Sin duda estos dos últimos aspectos podrían guiarse por una brújula cuyo norte sea el periodismo narrativo o literario. Las otras características que rescata Saguién son la exclusividad, la profundidad, el análisis y la opinión. A mi modo de ver, hace falta retornar a dos géneros que por su belleza y riqueza se resisten a morir: la crónica y el reportaje.

Si está visto que las noticias escuetas son más concurridas por los lectores en la Internet, ¿qué objeto tiene que los diarios impresos las repitan? Personalmente, me acerco a los diarios en la búsqueda de detalles, de profundidad y de asuntos “entre líneas” pero, sobre todo, esperando hallar historias dignas de recapitularse en libros, cuyo ritmo narrativo sea acorde con la verdad de los hechos, en que la palabra escrita dé color como no lo podría hacer una fotografía, un infográfico o un audiovisual.

Habrá que esperar hasta qué punto -dentro de este asunto de la convergencia- los medios impresos pedalean para equiparar la carrera.
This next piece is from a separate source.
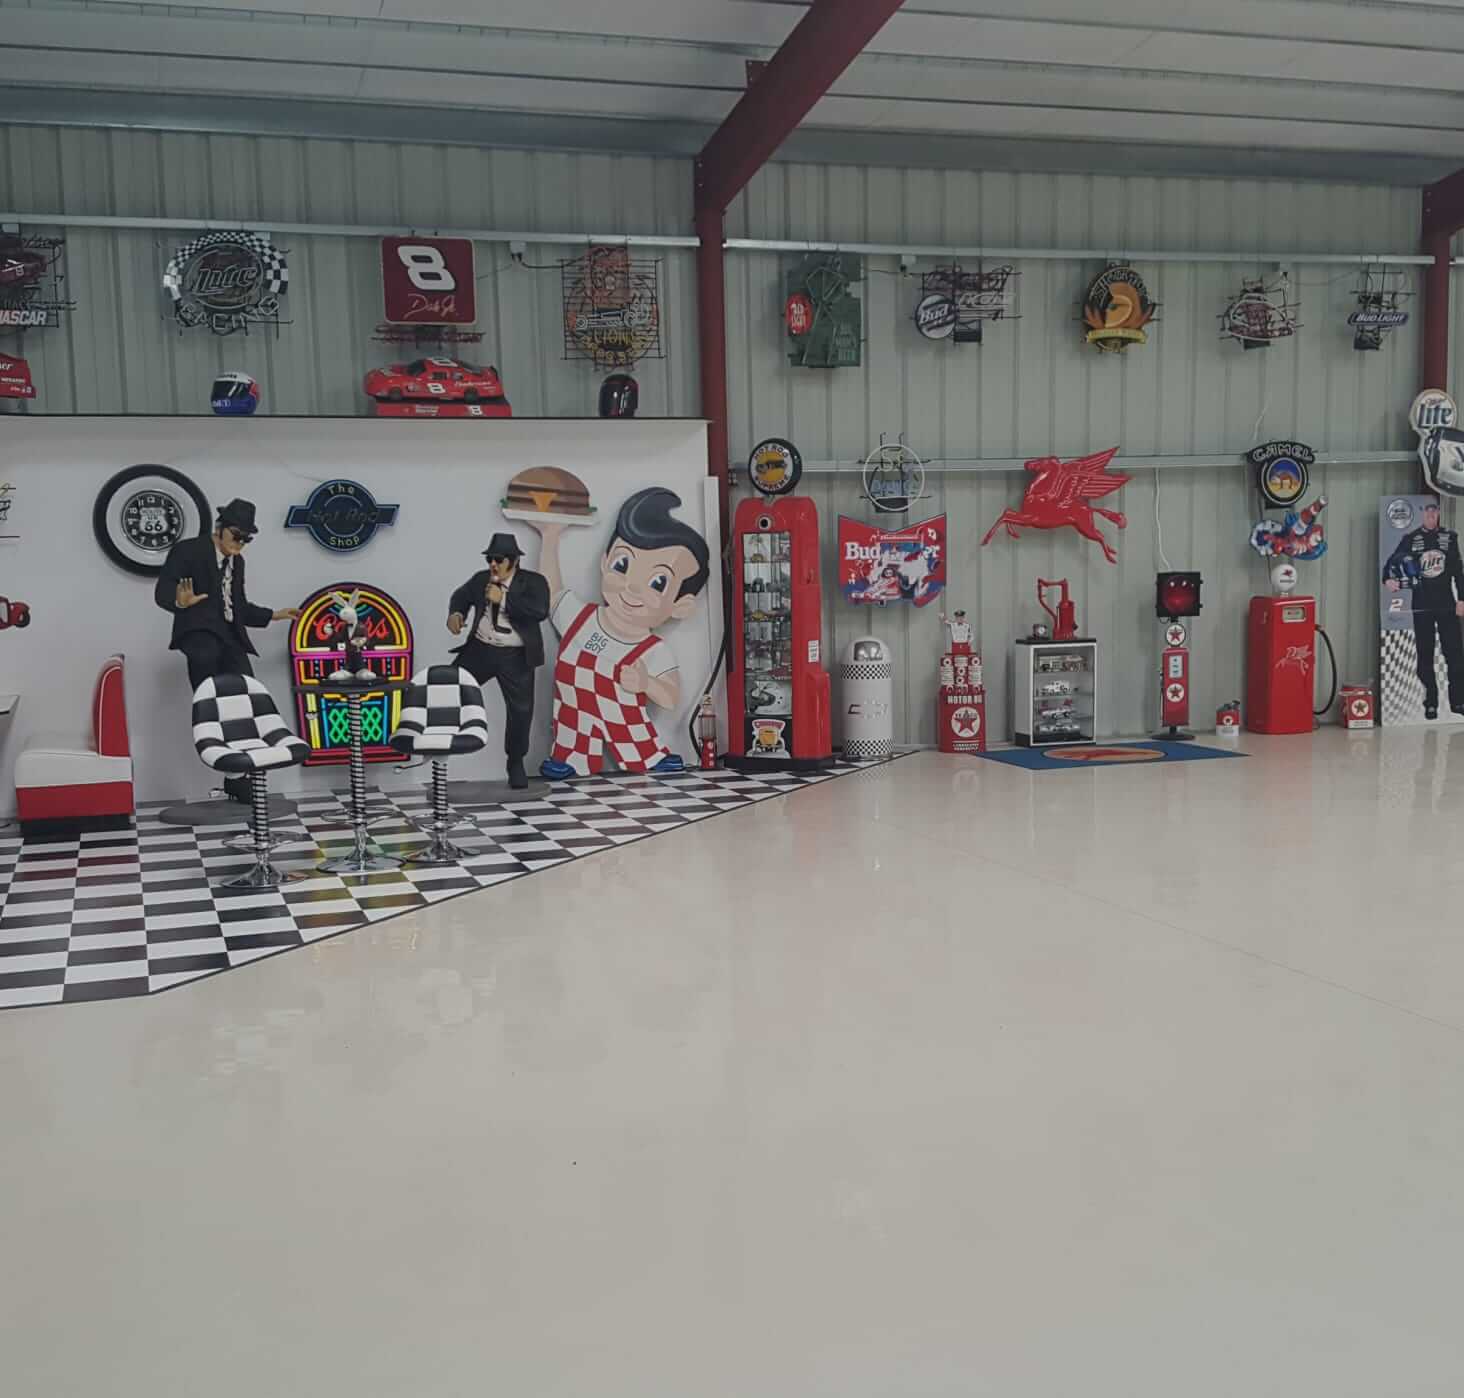 finished garage floor

Y ya que en la conferencia anual de la WAN se mostró que los miedos se dilatan en relación con la desaparición de los dichos medios, sería interesante pensar –ya sin temores- en una evolución de la palabra impresa que, dentro de la integración, haga la diferencia. Esto para que la tan mencionada convergencia sea un acuerdo entre parte y parte, y no simplemente un esfuerzo de los medios impresos por adaptarse al mundo digital en un intento por sobrevivir.